Charles III, ecology.
King Charles III was a pioneer in defense of the environment with very clear positions on caring for animals and preventing climate change. (Reuters)

Other times, gestures or passing comments are used to influence events as they happened. in 2014 when the Scottish independence referendum was called. On the Sunday before the vote, the Queen had a brief exchange with a woman in the cemetery of Crathie. “On Thursday you have an important vote. I hope people think very carefully about the future”, he told him when the cameras recorded him. She obviously was inferring that they should be cautious and therefore keep the status quo. The nationalists accused her of being an interventionist, but from a legal point of view, the queen had not broken any protocol. Scotland is still part of the kingdom.

The press was also used to indirectly express their opinions, such as when the queen stood up to margaret thatcher because the prime minister refused to support the sanctions against the apartheid south africa. Elizabeth was concerned about the damage this might do to the Commonwealth, and also more generally about the impact of Thatcher’s policies on the UK’s social fabric. He Sunday Times He made a lengthy note about the queen’s discontent based on “palace sources.” Other times, he used that power to lobby for her own interests. Guardian revealed that in the 1970s the queen intervened to secure an exemption from financial transparency laws for the crown’s private investments.

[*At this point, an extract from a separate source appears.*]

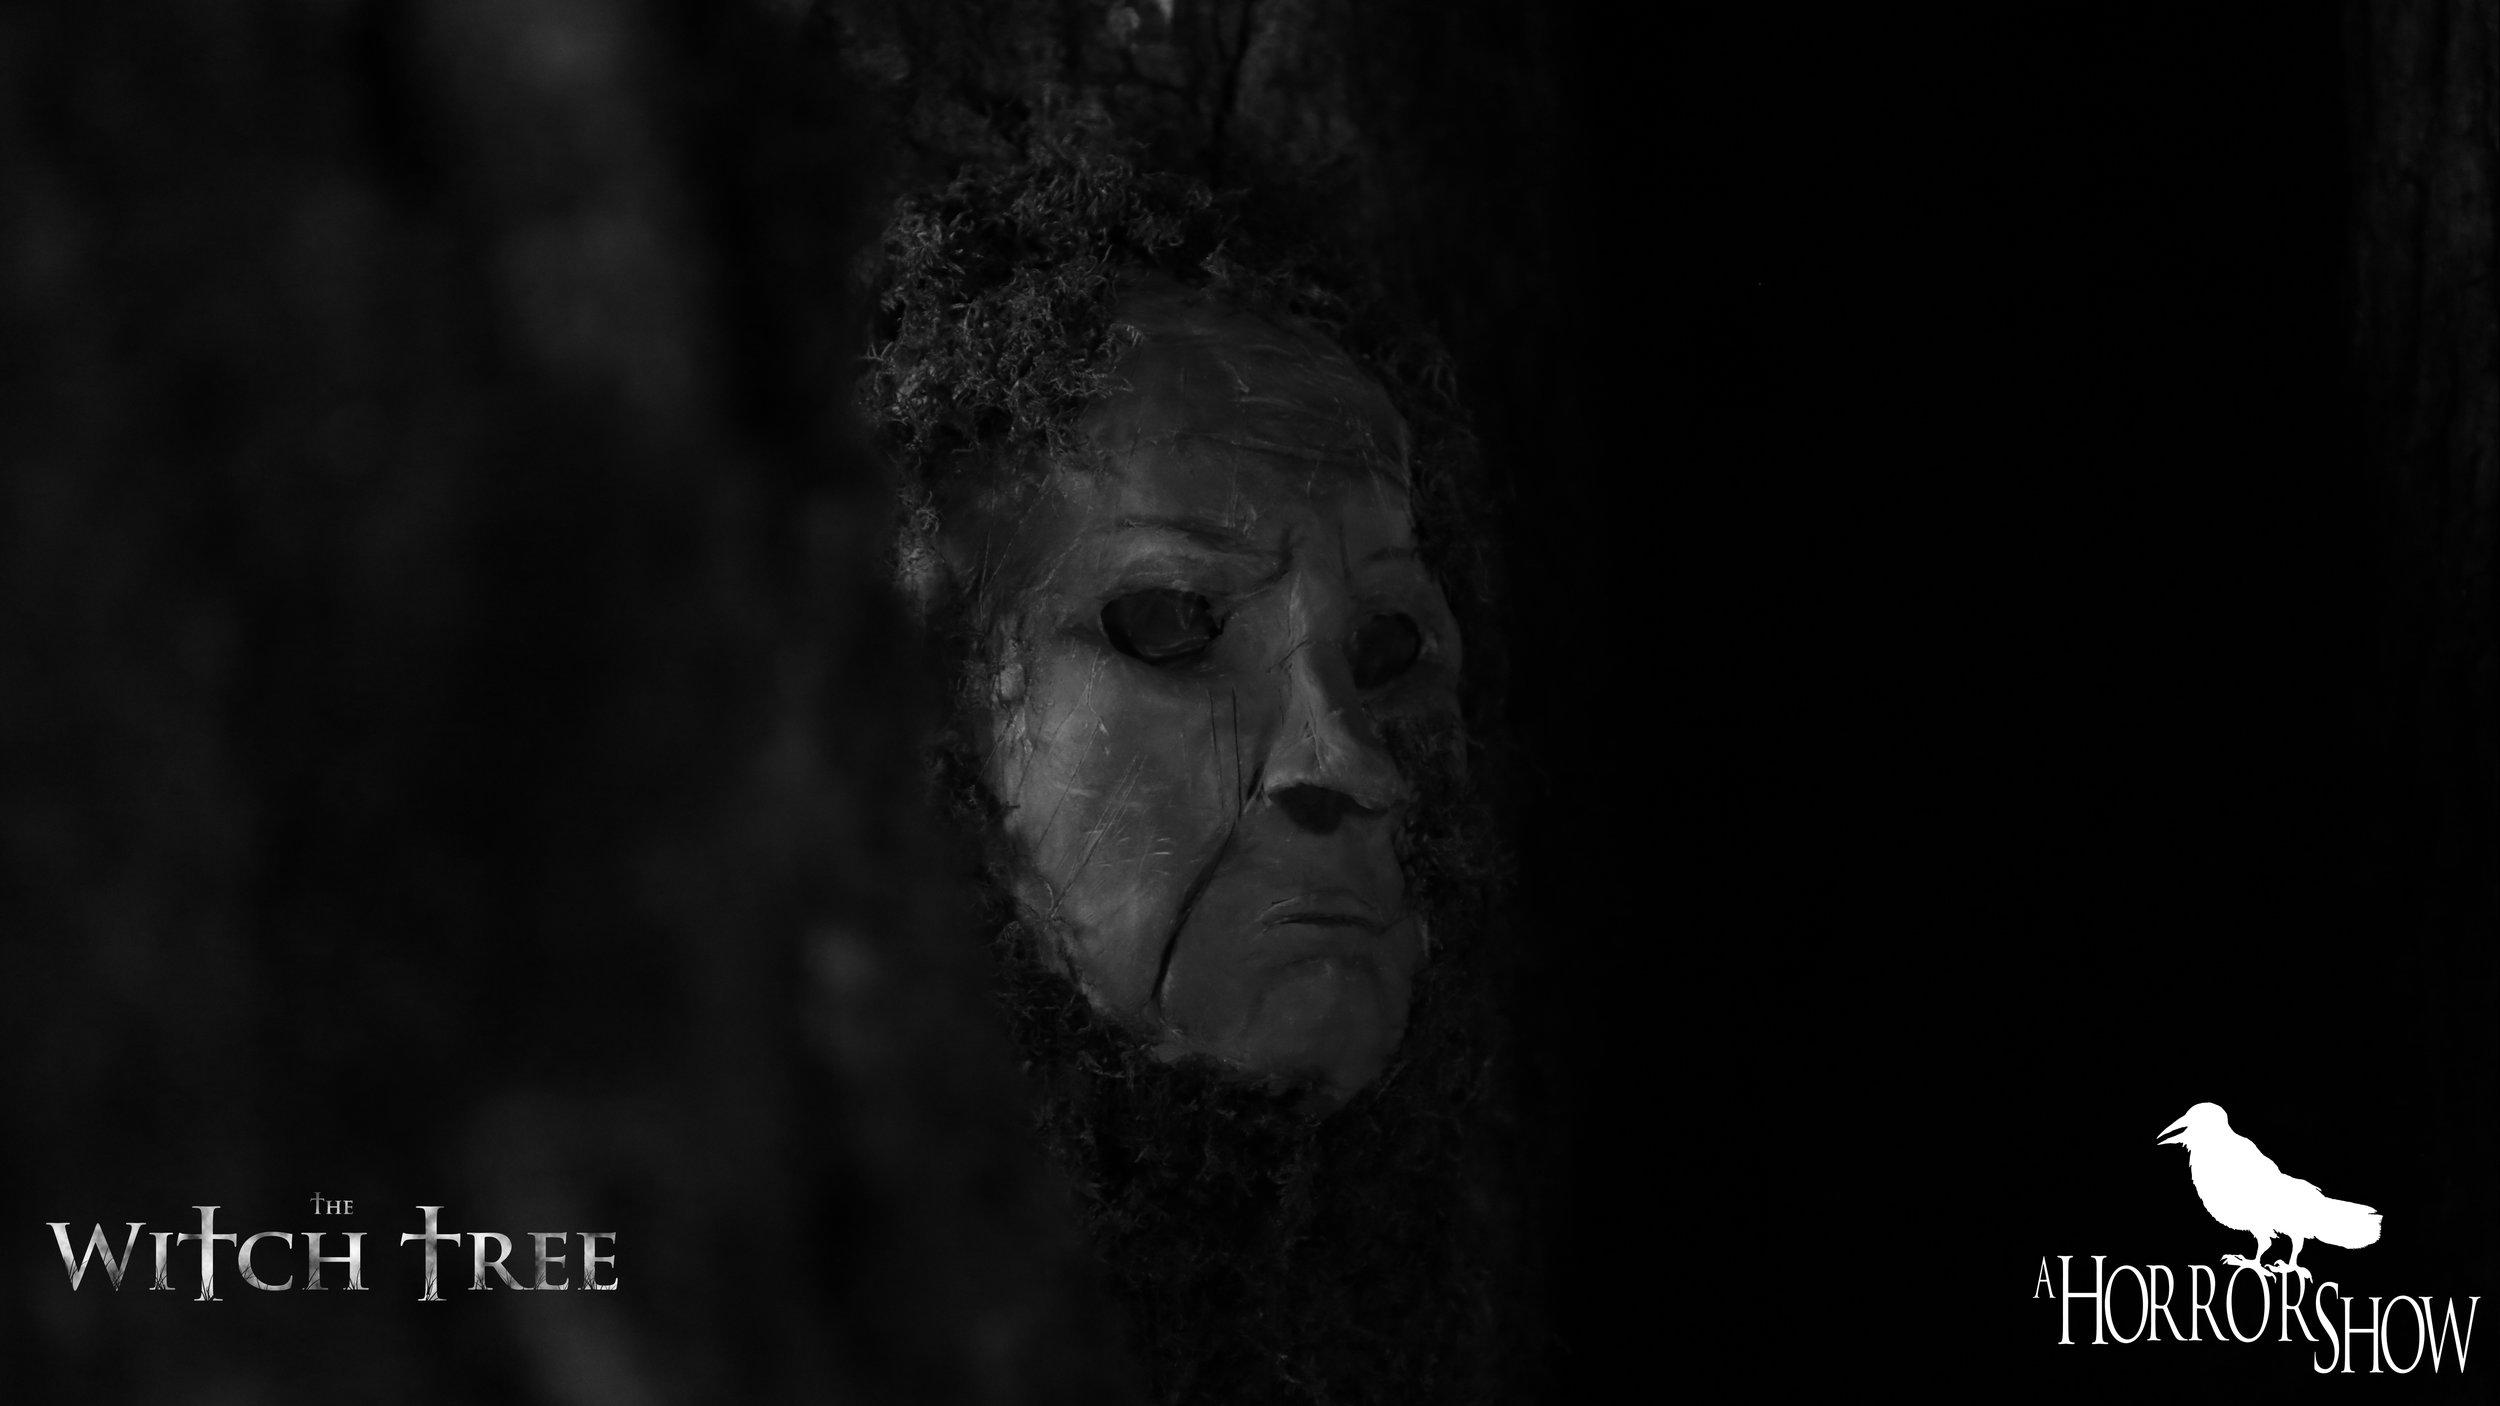 THE WITCH TREE BTS STILLS_054.JPG

Visit of Carlos III to Mexico
The then Prince of Wales, Carlos, during an official visit to Mexico. The now king has extensive experience in international relations. (Darkroom)

Another journalistic investigation known as “the black spider memos” (because of the particular calligraphy) revealed the content of 27 cards that the then Prince of Wales and now king sent different ministers and members of the government who were clearly political pressure. His demands ranged from better equipment for troops in Iraq to a mass cull of rodents and badgers to stop the spread of bovine tuberculosis. He also called for greater availability of alternative medicines, lobbied for a specific person to lead a campaign against supermarkets that mistreat farmers, and proposed that his own assistant report to Downing Street on the design of the new hospitals. Lord David Blunkett, former Labor Secretary of Education, recalled that the then prince pressured him to will extend the hours of grammar teaching in the schools. The prince is also known to have been an early advocate of organic farming, sustainability and climate awareness.

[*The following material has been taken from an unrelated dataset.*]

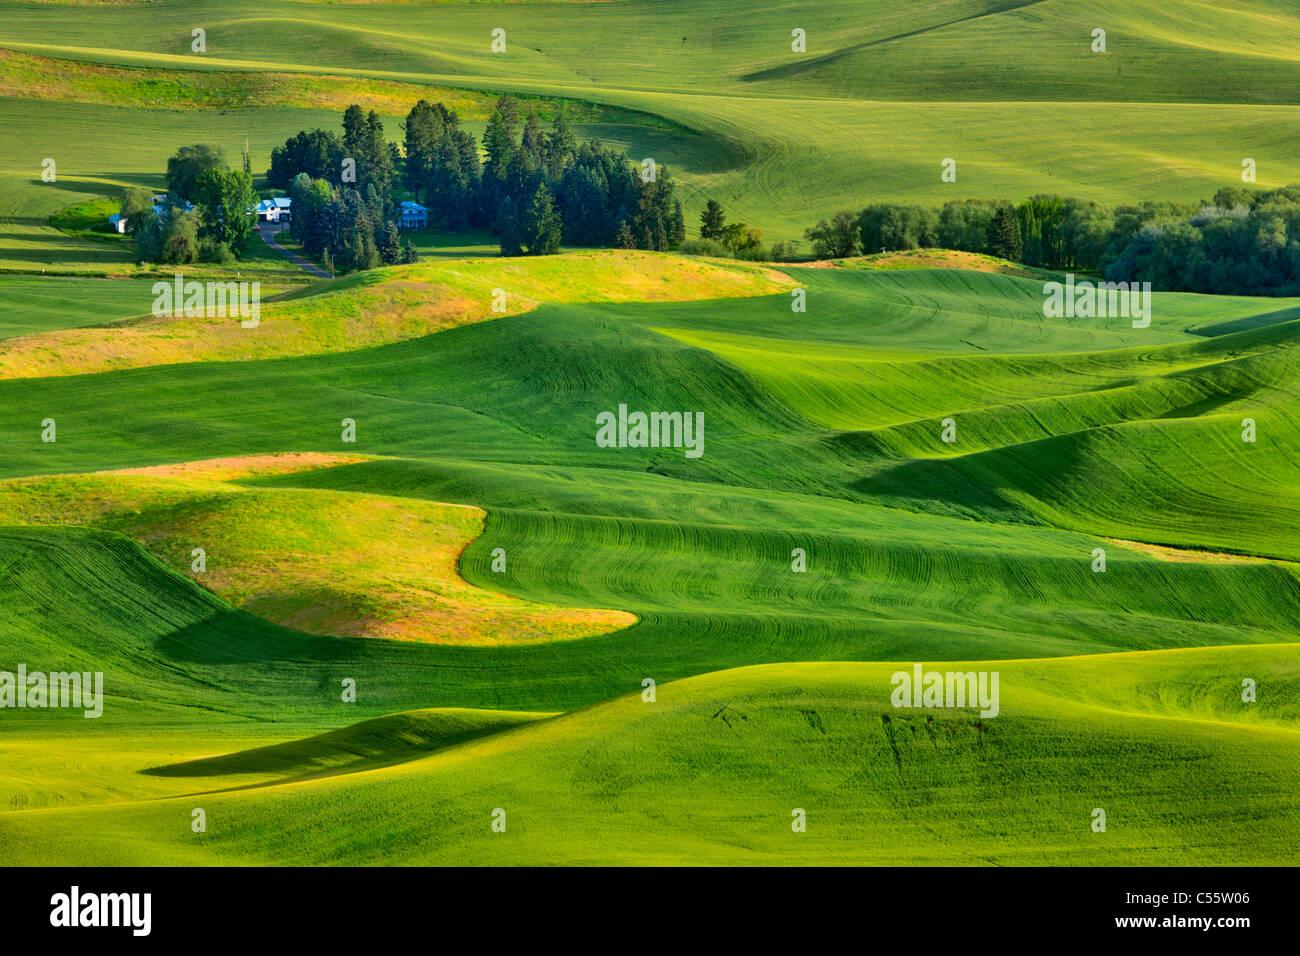 Un alto ángulo de visualización de campos verdes, Steptoe Butte, Palouse, Estado de Washington, EE.UU. Foto de stock

Now, with his head crowned, Charles assures that he will be more conscientious and quotes shakespeare through the words he wrote for the young man Henry V when he becomes king. “The idea, somehow, that I am going to continue exactly the same, if I have to succeed, is complete nonsense because the two – the two situations – are completely different”he said in his interview with the BBC with his obviously perfect accent for that theatrical recitation.